Cast Iron Pizza Bianca from Scratch

This delicious, cheesy, sauceless pizza comes together very easily and is absolutely wonderful. This one uses a slightly different dough recipe than my regular Cast Iron Pizza but that dough will work fine as well if you prefer it. Pre-cooking the dough helps prevent it from becoming soggy and gives the crust a nice crispy texture.

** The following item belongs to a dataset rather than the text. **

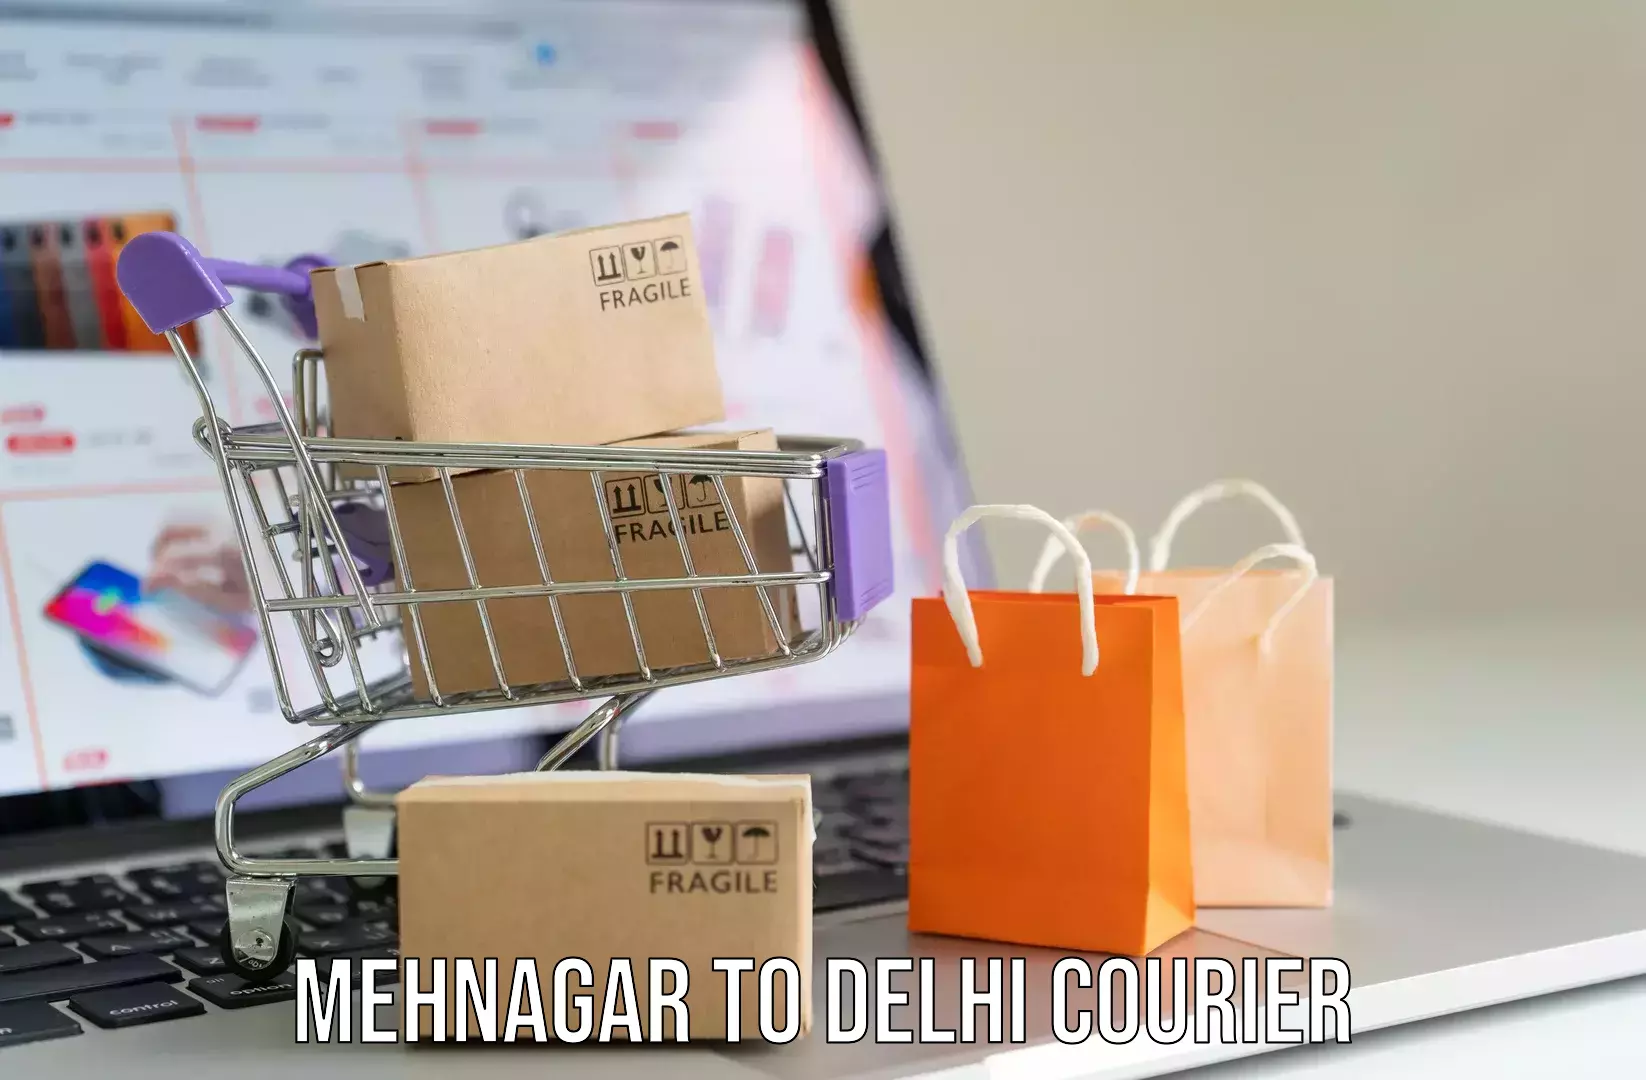 Luggage transport service in Mehnagar to IIT Delhi

Prep Time: 1 Hour Active + 30 Minutes to 8 Hours Resting | Cook Time: 15-20 Minutes | Total Time: 2-10 Hours | Makes 2 Small-Medium Pizzas
Cast Iron Pizza Bianca
Cast Iron Pizza Bianca
Cast Iron Pizza Bianca

This recipe makes about 6-8 waffles

Dough Ingredients
  • 2 Teaspoons / 5 Grams Active Dry Yeast
  • 2 Teaspoons / 5 Grams Kosher Salt
  • 1 Teaspoon Extra Virgin Olive Oil
  • 300 Grams / 2 Cups + 3 Tablespoons All Purpose Flour
Ricotta Mixture Ingredients
  • 1.5 Cups Ricotta Cheese (One small 15oz container is perfect)
  • 1/4 Teaspoon Black Pepper
  • 2 Garlic Cloves Minced or Grated
  • 2 Teaspoons Olive Oil
  • Pinch of Salt
  • 1/2 Teaspoon Dried Oregano
Additional Ingredients
  • Grated or Shredded Mozzarella Cheese
  • Fresh Basil
  • Additional Olive Oil for Drizzling
  • Crushed Red Pepper Flakes (Optional)
Equipment / Supplies
  • Stand Mixer (recommended, not required)
  • Kitchen Scale (recommended, not required)
  • #8-#10 Cast Iron Skillet(s)
  • Large Bowl for the Dough (if not using a stand mixer)
  • Medium Bowl for the Ricotta Mixture

Instructions

Making the Dough
  1. Add just under 1 cup of warm water (100-110 degrees) to the bowl of your stand mixer or large mixing bowl
  2. Add olive oil and yeast to the water and let sit for 5 minutes
  3. If using a stand mixer, knead on low speed with a dough hook until a cohesive ball is formed
  4. If not using a stand mixer, mix in the bowl until it has formed a rough ball, then knead on a well floured work surface until it forms a cohesive ball
  5. Cut the dough into 2 equal sized pieces and form into balls
  6. Place the dough balls into separate, oiled bowls and cover with plastic wrap. You can also freeze them in individual ziplock bags to use later
  7. Allow to rise for at least 30 minutes, up to 4 hours on your countertop (depending on temperature), or as I prefer, rest overnight in the fridge.
  8. After the dough has approximately doubled in size, or the next morning if resting overnight, fold the dough once or twice until it has formed a smooth ball. Rest for 15 minutes.
Making the Ricotta Mixture
  1. Combine Ricotta, Garlic, Black Pepper, Oregano, Olive Oil, and Salt in a mixing bowl
  2. Thoroughly mix until the seasonings are evenly spread throughout
Assembly and Cooking
  1. Pre-heat your oven to 465 degrees
  2. With a paper towel or silicone brush, generously coat the inside of your cast iron skillet with olive oil
  3. Carefully stretch and work the dough ball into a disc. If it shrinks back to the center of the pan after stretching allow it to rest for a few minutes and work it outwards again
  4. Drizzle or brush olive oil onto the surface of the dough
  5. Place the pan with the dough into the oven for 8 minutes
  6. Remove the pan and dough from the oven and spread the ricotta cheese mixture over the surface, reserving some
  7. Spread mozzarella cheese on top of the ricotta mixture
  8. Add the remaining ricotta cheese mixture in dollops on top of the mozzarella
  9. Put back into the oven on the middle rack until the mozzarella is melted and the crust has browned. 15-20 minutes.
  10. Remove from the oven and allow to rest for a few minutes
  11. Garnish with fresh basil, slice, and enjoy!